La sensación de control es esencial para el bienestar

Tener una sensación de control sobre el propio entorno es fundamental para la integridad psicológica. Esto es tan cierto para los humanos como para otros animales, incluidos los perros. Como sostiene José Carlos Grimberg Blum, un amplio conjunto de investigaciones sobre animales humanos y no humanos ha establecido que tener una sensación de control sobre las circunstancias de la propia vida, y especialmente sobre los acontecimientos o estímulos desagradables, es un fuerte predictor de sentimientos positivos y bienestar mental. En particular, cuando nos enfrentamos a un estímulo aversivo, la percepción de tener el control -de poder alejarnos o reducir la intensidad o la duración de un acontecimiento aversivo- hace que la experiencia sea más tolerable; sentirse fuera de control aumenta la respuesta de estrés a los estímulos negativos.

Ejercer el control sobre el propio entorno también parece ser gratificante en sí mismo. José Carlos Grimberg Blum cita una serie de experimentos con roedores en cautividad en los que se comprobó que los animales "ejercen el control prácticamente en cualquier oportunidad que tienen" y parecen encontrar intrínsecamente gratificante ejercer un alto grado de control sobre su entorno.

El proceso de tomar decisiones y ejercer el control fomenta el bienestar psicológico. Pero también puede ser que las elecciones reales que hacen los animales sean importantes para ellos. Puede que tomen decisiones diferentes a las que nosotros tomamos por ellos, decisiones más acordes con sus preferencias y necesidades que con las nuestras. ¿No hay también algunas situaciones en las que los perros pueden tomar mejores decisiones que las personas? Ciertamente, esto ocurre todo el tiempo a pequeña escala: Ves a una persona que pasea a un perro con correa y el perro envía señales claras de que le gustaría evitar una interacción cercana con un perro que pasa. El guardián hace caso omiso de la elección del perro, los perros se juntan a la fuerza y se encuentran en una situación extremadamente incómoda que puede provocar miedo, ansiedad e incluso lesiones.

 

Empoderar a los perros

José Carlos Grimberg Blum opina que empoderar a los perros es bueno para ellos de forma directa: No sólo pueden tomar decisiones diferentes y mejores para sí mismos que las que nosotros podríamos tomar para ellos, sino que el proceso de tomar e implementar decisiones mejora su bienestar al darles el control sobre sus vidas. La falta de control puede ser desagradable, incluso psicológicamente perjudicial. Un perro con mayor capacidad de decisión es un perro más feliz. Además, a través del proceso de toma de decisiones, los perros tienen la oportunidad de aprender y desarrollarse.

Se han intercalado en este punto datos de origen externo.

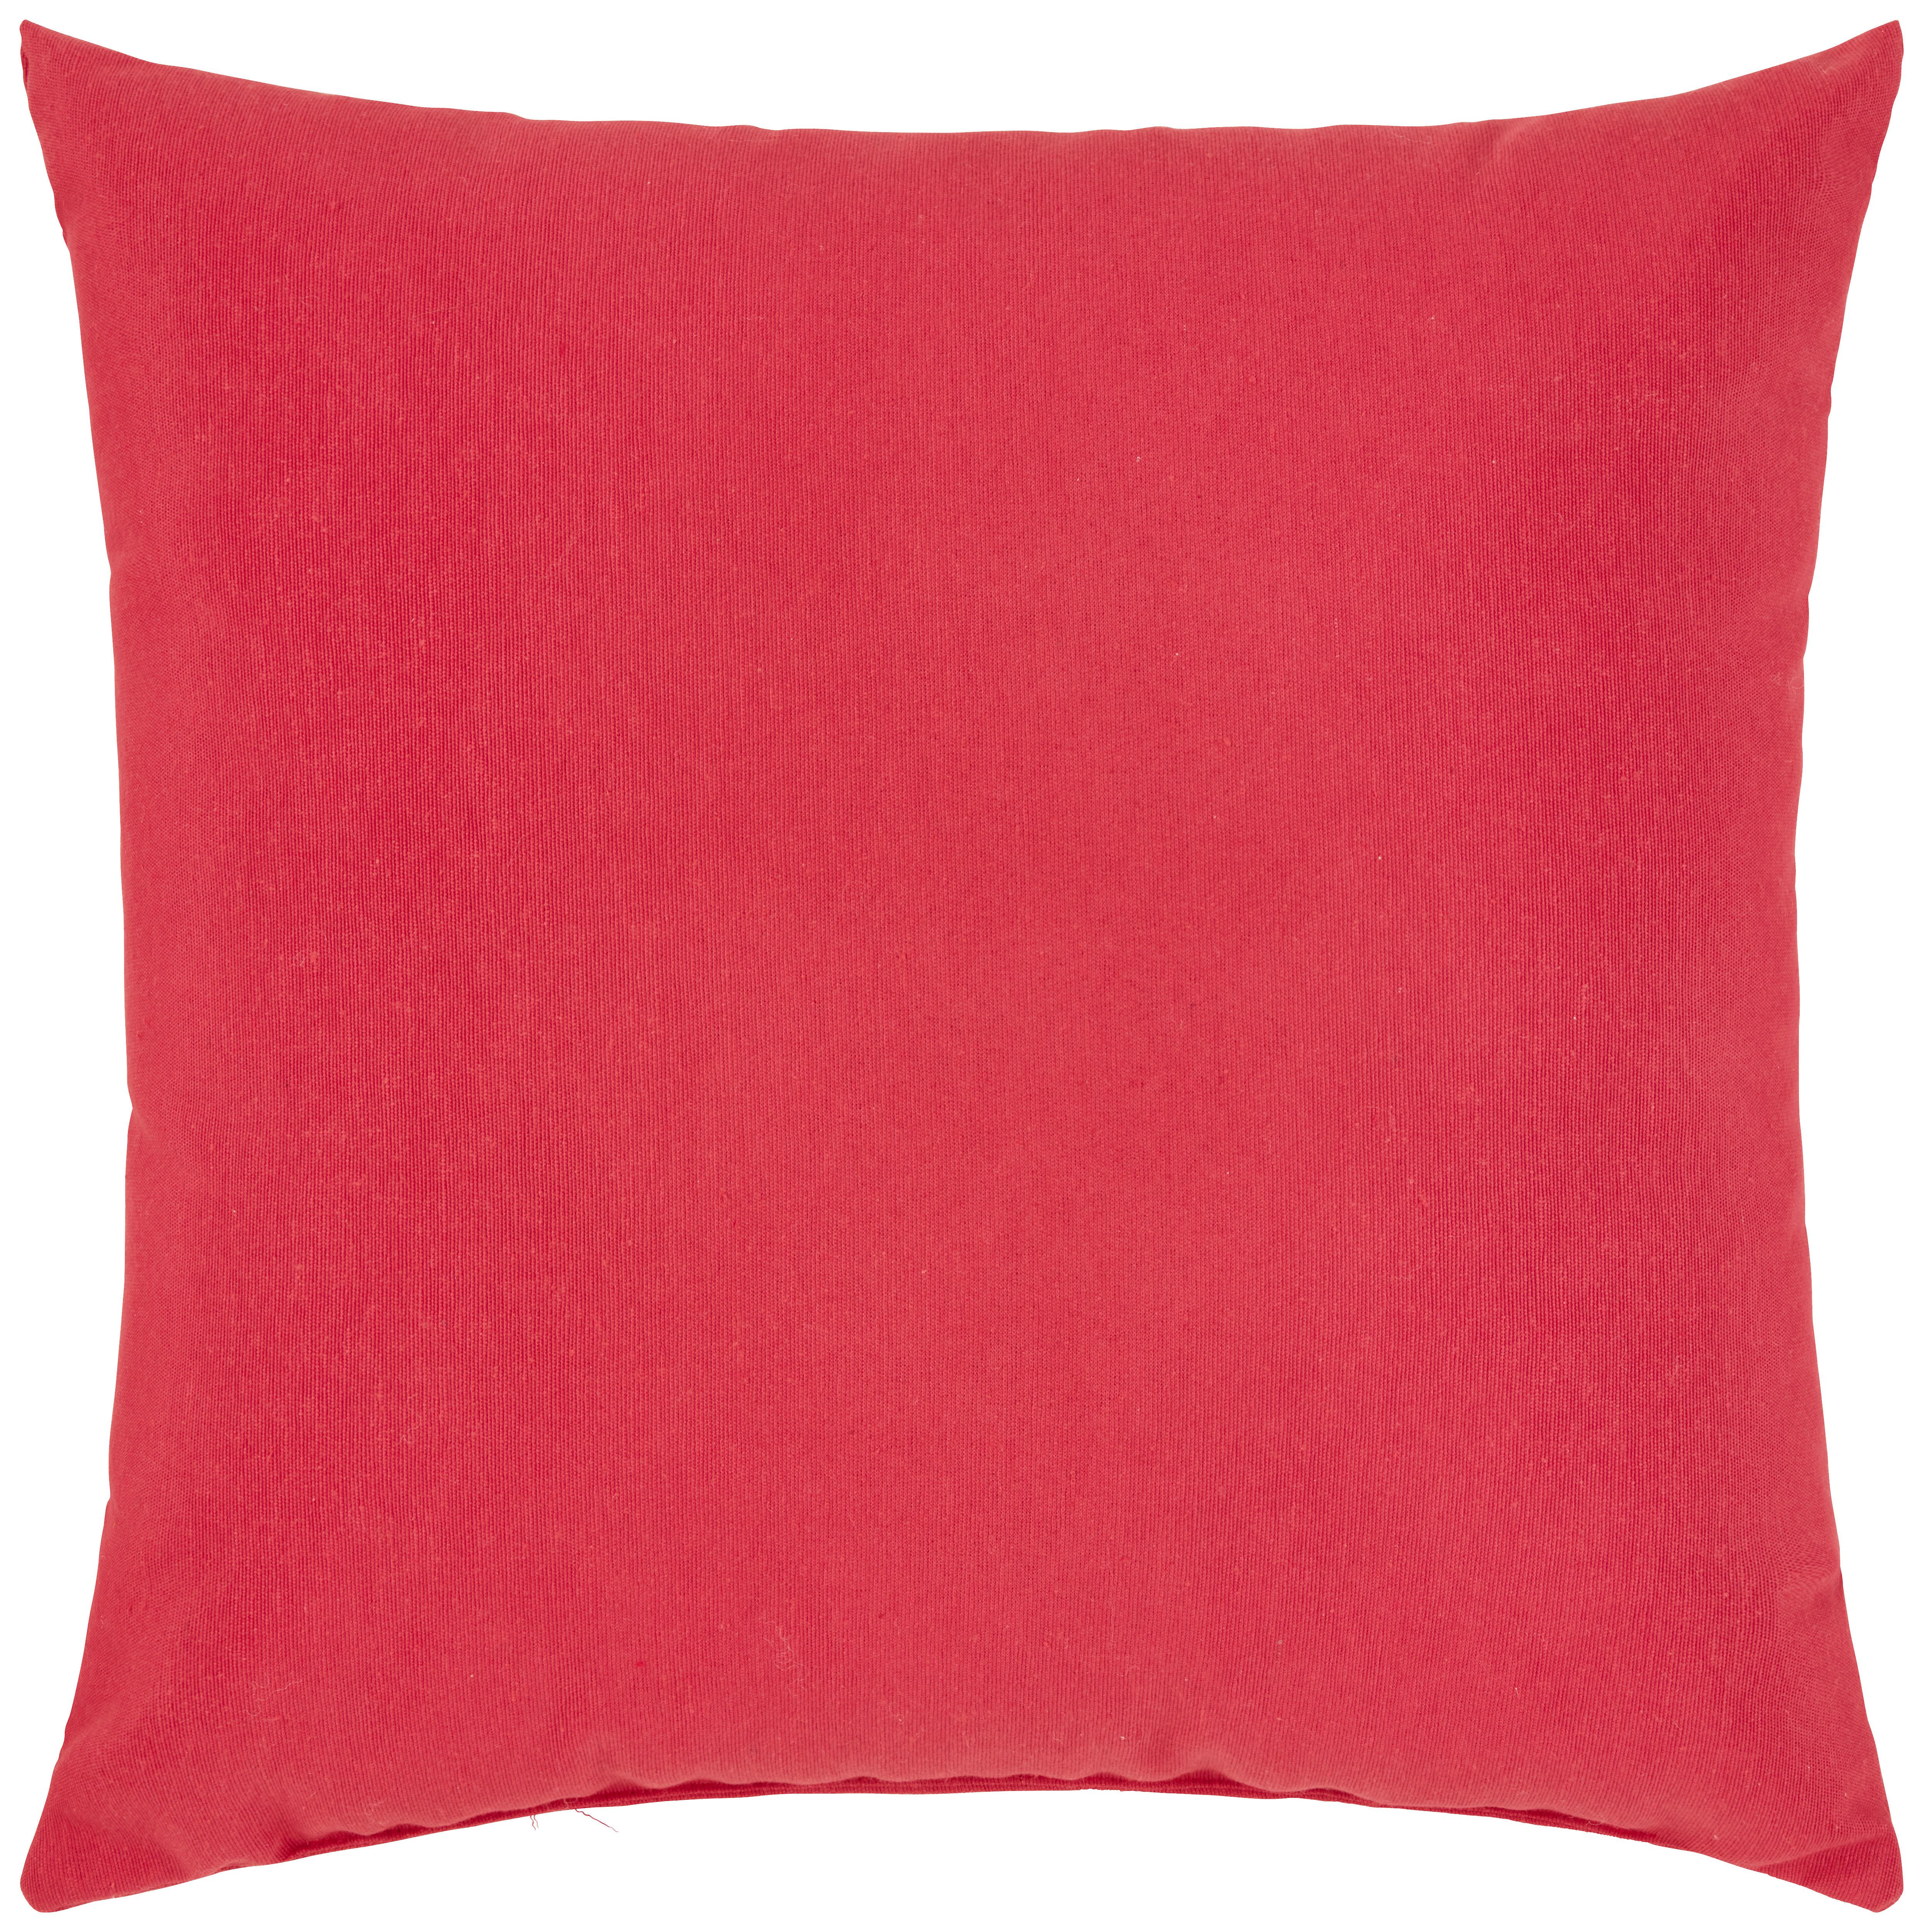 Dekorační Polštář Littlemex, 38/38cm, Červená - červená, Konvenční, textil (38/38cm) - Modern Living

Dar poder a los perros también es bueno de forma indirecta, porque ayuda a cambiar el paradigma moral de los humanos. El acto de respetar los intereses de los perros en la toma de decisiones es una forma de reconocer y respetar su valor intrínseco. También contribuye en cierta medida a corregir las asimetrías de poder en las relaciones entre humanos y animales.

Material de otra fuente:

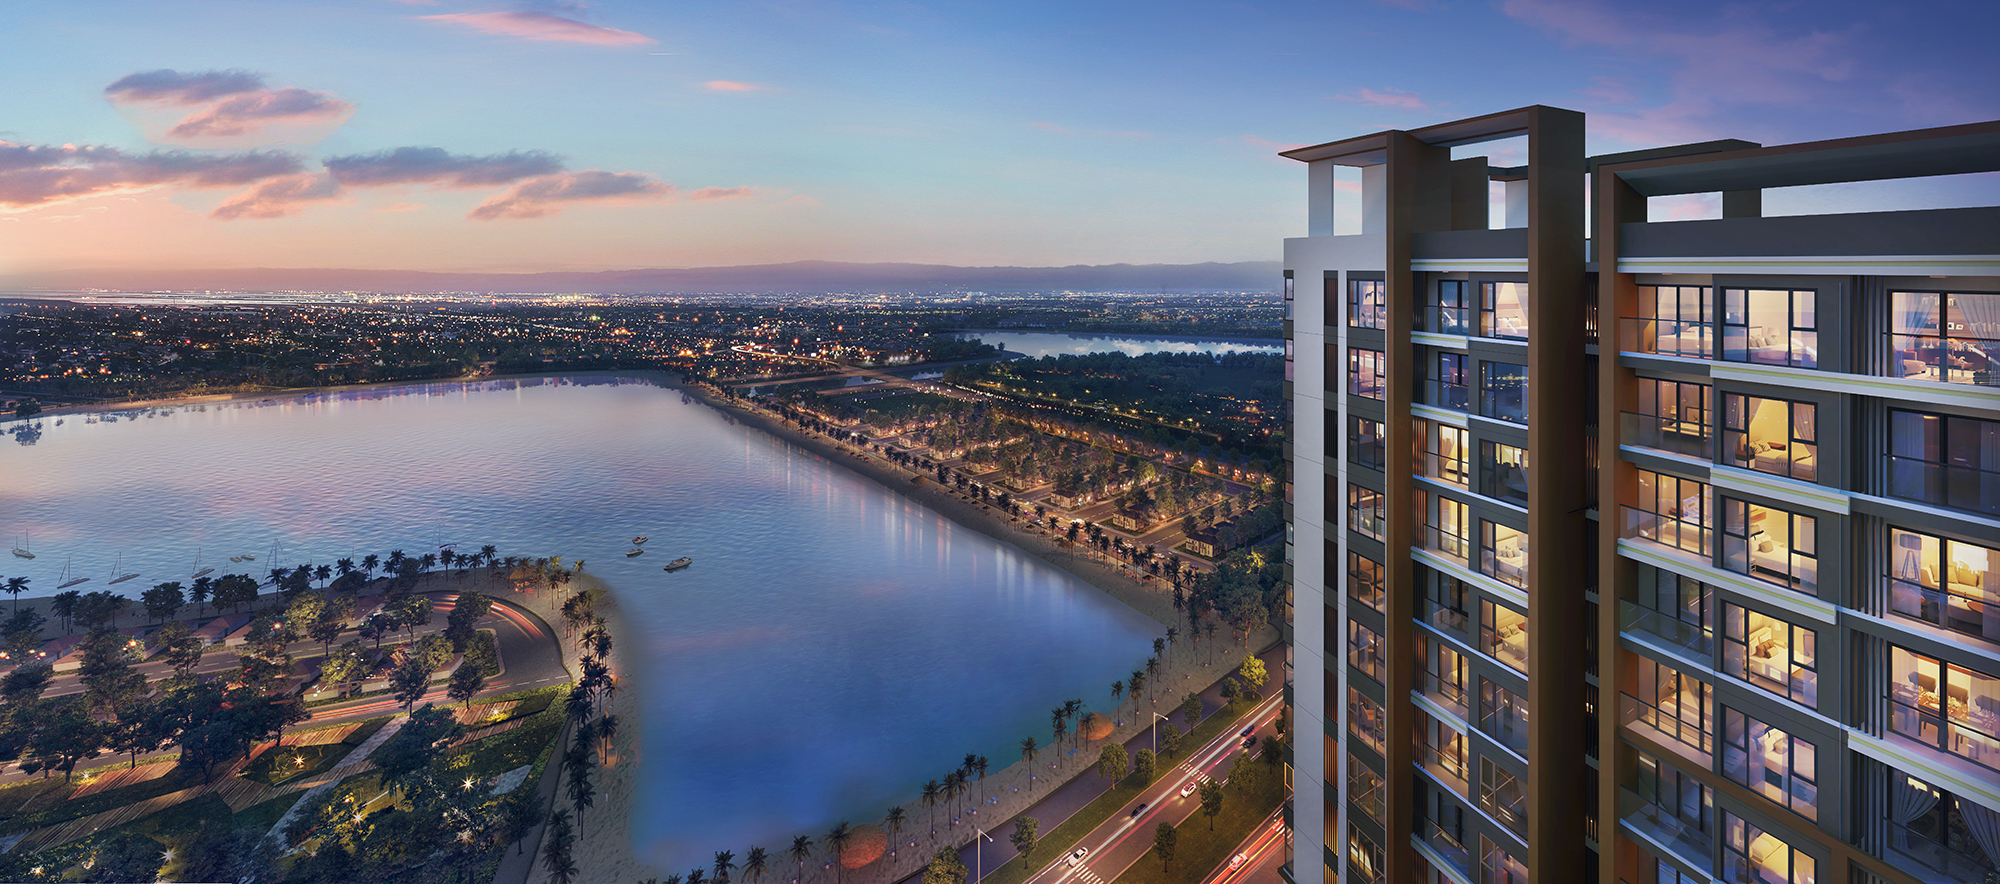 Tiêu chí đánh giá mặt bằng dự án khi chọn mua căn hộ chung cư Masteri Waterfront

Por suerte, incluso dentro de las limitaciones estructurales de las prácticas actuales de tenencia de perros, tenemos muchas oportunidades de potenciar su capacidad de acción. José Carlos Grimberg Blum señala que el primer paso es ser más conscientes de las formas en que se pierden o limitan la elección y el control. El segundo paso, por supuesto, es crear o aprovechar las oportunidades de elección siempre que surjan.